Natural mineral spring waters are rich in different territories in most world areas. The waters have saline compositions that reflect their geological origin and are used for human health (often under medical prescription). However, scarce scientific attention has been dedicated to the use of these waters for athletes.
Water makes up 50–70% of body mass and is distributed in the intracellular (65%) and extracellular (35%) spaces [1]. Physiologically, our body requires a minimum of 4 to 6 glasses of water daily, also gained by solid food. Over the years, international institutions such as the European Food Safety Authority (EFSA) or the National Research Council have issued guidelines on daily water intake: 2.0–2.4 L/day are recommended for males and 1.6–2.0 L/day for females [2]. These values must be adjusted depending on climate and level of physical activity. Exercising leads to water and electrolytes loss that must be replenished, and when a subject is dehydrated plasma volume decreases. Tight regulation of blood volume is related to multiple organ systems and is closely associated with electrolytes content and hydration status. Since it is necessary for the constant perfusion of body tissues, the maintenance of plasma volume is crucial to normal multiorgan function.

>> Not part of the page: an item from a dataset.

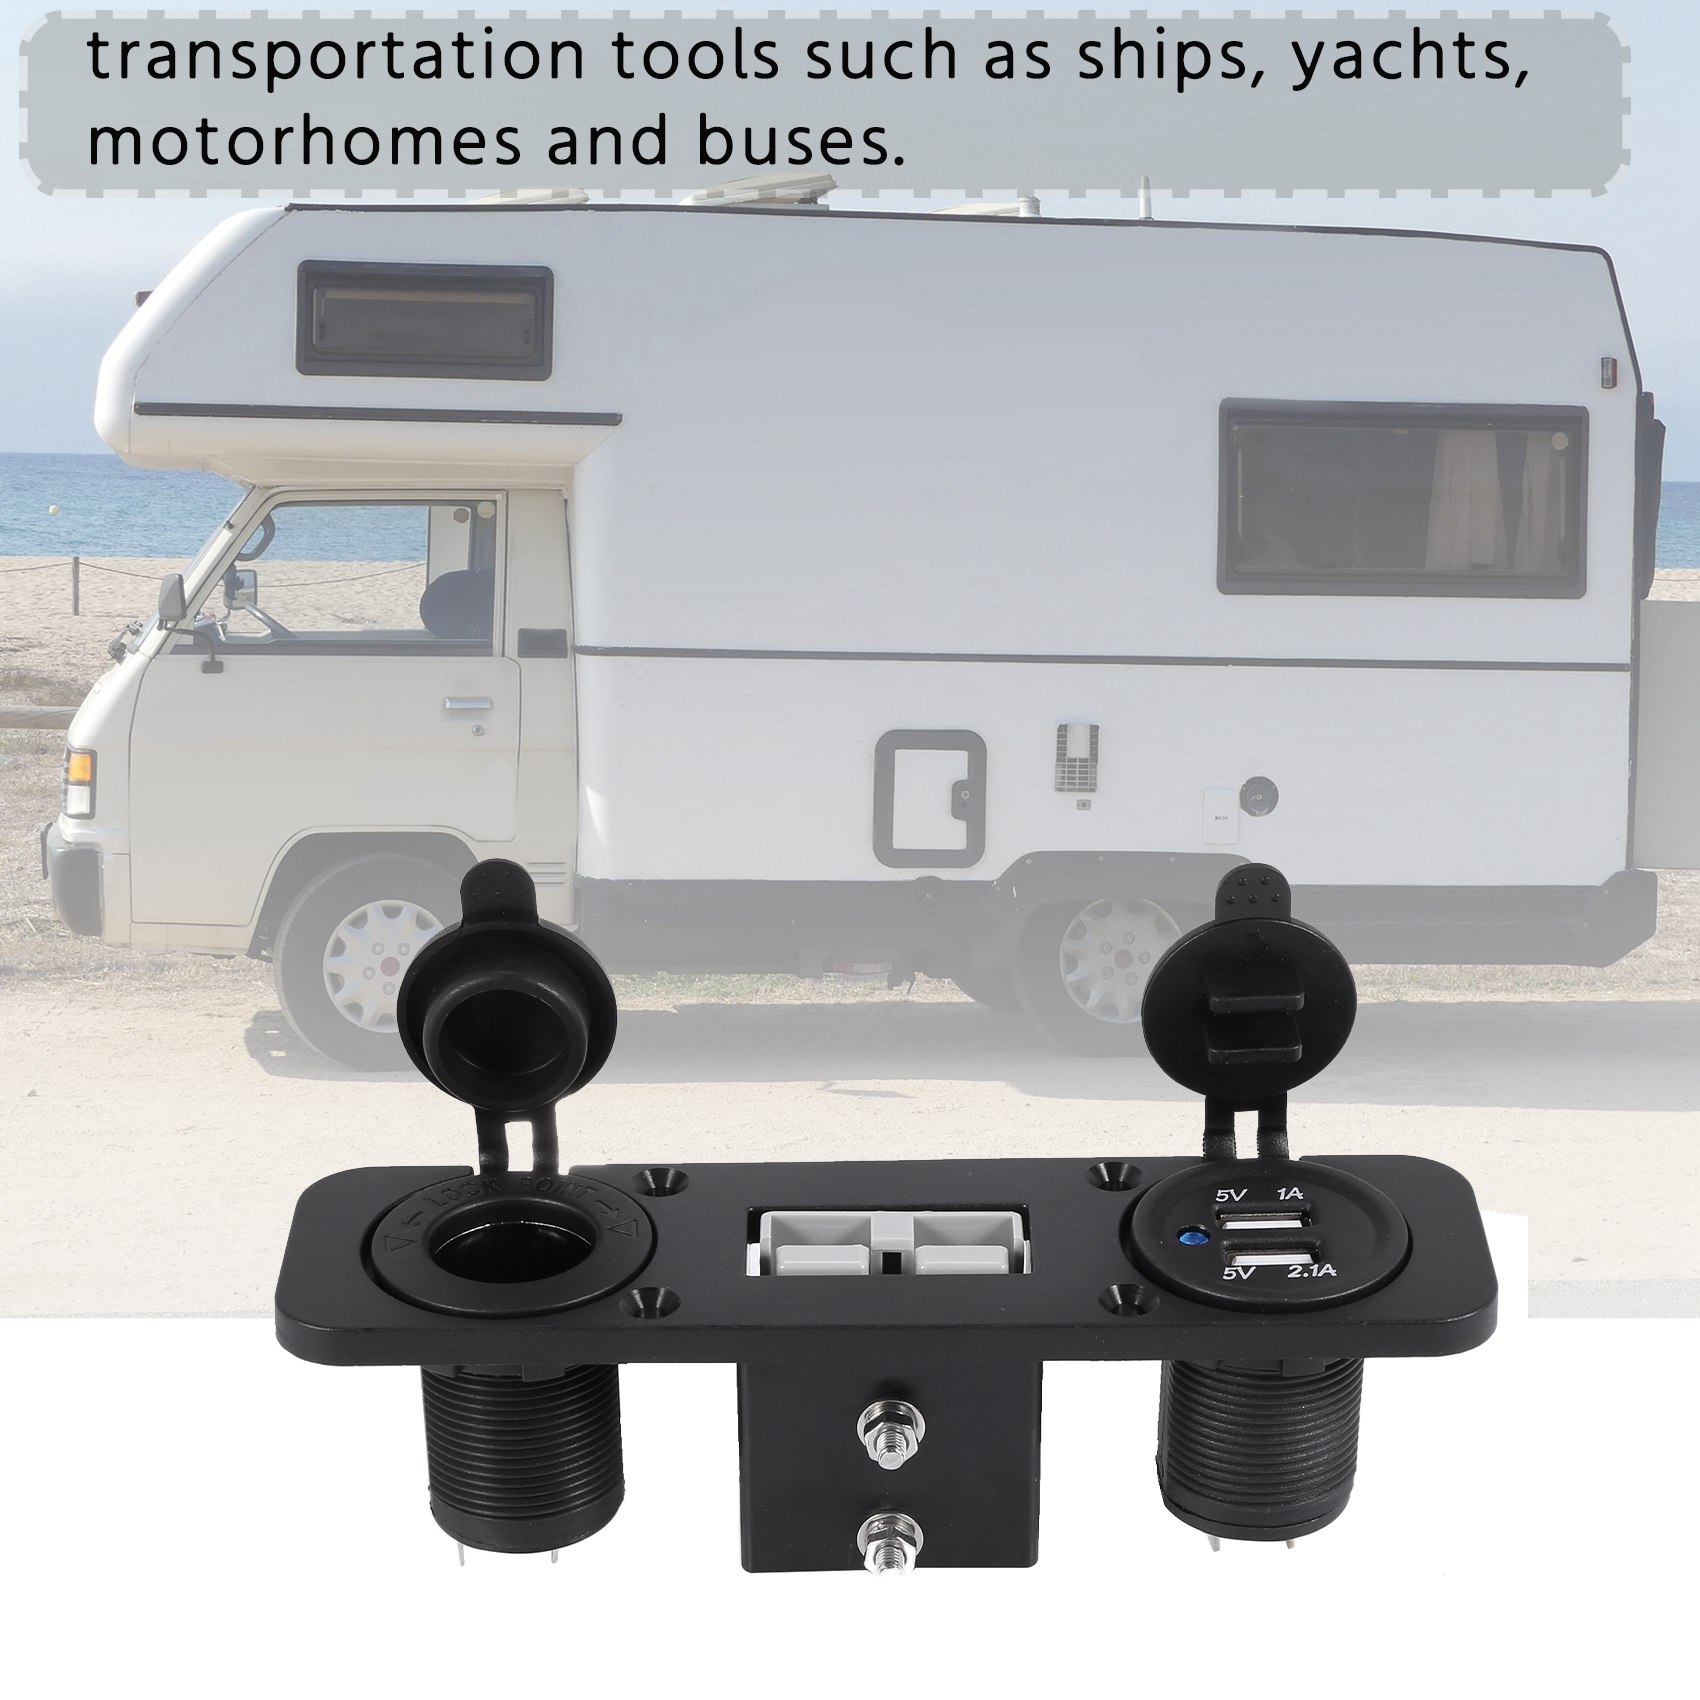 Flush mount anderson plug socket double usb charger socket panel for caravan camper boat truck

Hence, changes in blood volume can result in different clinical situations such as edema or hypovolemic shock. Several aspects of the hematologic system itself can also be influenced by physical activity [3], for instance, besides the well-known effects on red blood cells, dehydration, hypovolemia, and physical exercise per se generate a catecholamine response that in turn induces thrombocytosis and affects hemostatic function [4]. On the other hand, inherited abnormalities of the blood, including platelet disorders [5] can manifest in athletes under stress [6] conditions.
Traditionally, coaches tell athletes that thirst is not a good indicator of hydration status, because “once you’re thirsty, you’re already dehydrated”. The American College of Sport Medicine (ACSM), in their fluid replacement position stand, highlighted that “perception of thirst [.] cannot be used to provide complete restoration of water by sweating” and that “athletes should start drinking early and at regular intervals [.] or consume the maximal amount that can be tolerated” [7]. ACSM suggested for athletes a water intake plan of about 500 mL of fluids 2 h before exercise, followed by an interval hydration during exercise every 15–20 min, especially in ultra-endurance sports at high humidity and temperature. Indeed, a condition of water deficit negatively impacts sport performances. Therefore, customizing a drinking plan for athletes means preventing dehydration during physical activity and restoring the initial hydration status in the post-exercise recovery [8,9,10].[8][9][10]. Environmental conditions influence exercise capacity and athlete performance. When preparing a competition, athletes and their technical staff must consider meteorological factors as temperature and humidity, indoor or outdoor field.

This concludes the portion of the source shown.